As quoted by POLITICO, a left-wing web site obsessed with trying to destroy the real threat to Obama's re-election, businessman Herman Cain, the general said what many Americans on the ground over there know to be true.
"If you're a very poor country like Afghanistan, you think that America has roads paved in gold, that everybody lives in Hollywood," Fuller said. "They don't understand or appreciate the sacrifices America is making to provide for their security . . ."
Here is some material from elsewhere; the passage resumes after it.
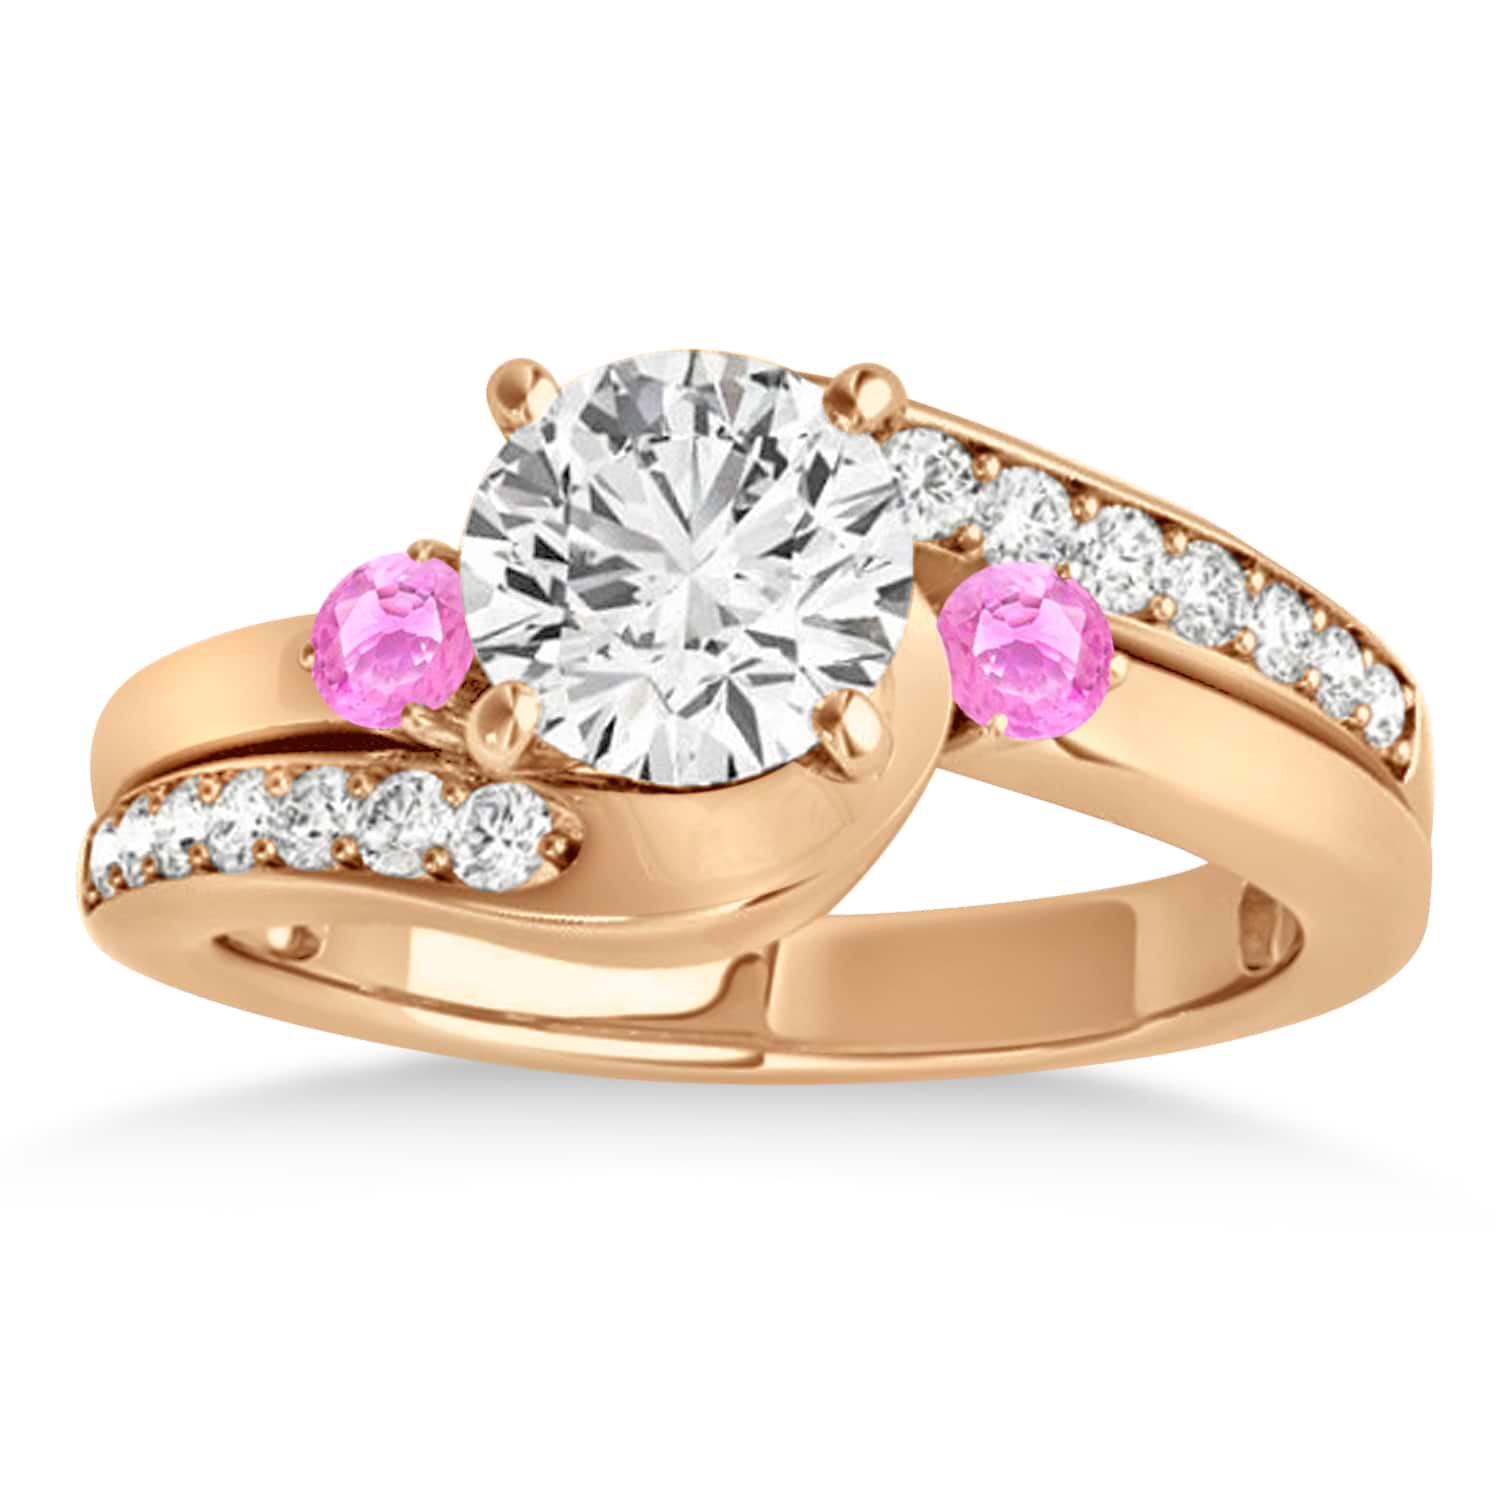 Swirl Design Pink Sapphire & Diamond Engagement Ring Setting 18k Rose Gold 0.38ct

The two-star also labeled Karzai "erratic" and was critical of the Afghan boss for saying his country would side with Pakistan in any future war with the United States. "(He) is isolated from reality," Fuller said.
GEN. ALLEN FIRES FULLER
There is a price to be paid whenever a military leader speaks out and tells the truth in conflict with Washington's "official line." NATO commander, Gen. John Allen, lost no time in relieving Fuller for what he called "inappropriate public comments."
Perhaps those remarks could have been made to a more objective and respectable media outlet than POLITICO, but the truth in what Fuller revealed can and does stand on its own.
"These unfortunate comments and neither indicative of our current solid relationship with the government of Afghanistan, its leadership, or our joint commitment to prevail here in Afghanistan," Allen declared in an official statement.
"The Afghans are an honorable people. Comments such as these (by Gen. Fuller), will not keep us from accomplishing our most critical and shared mission - bringing about a stable, peaceful and prosperous Afghanistan."
Allen has been certainly placed in an unenviable position politically, but judging from the words above, he knows how to keep from being the third U.S. commander in Afghanistan sacked since Hussein took over the White House.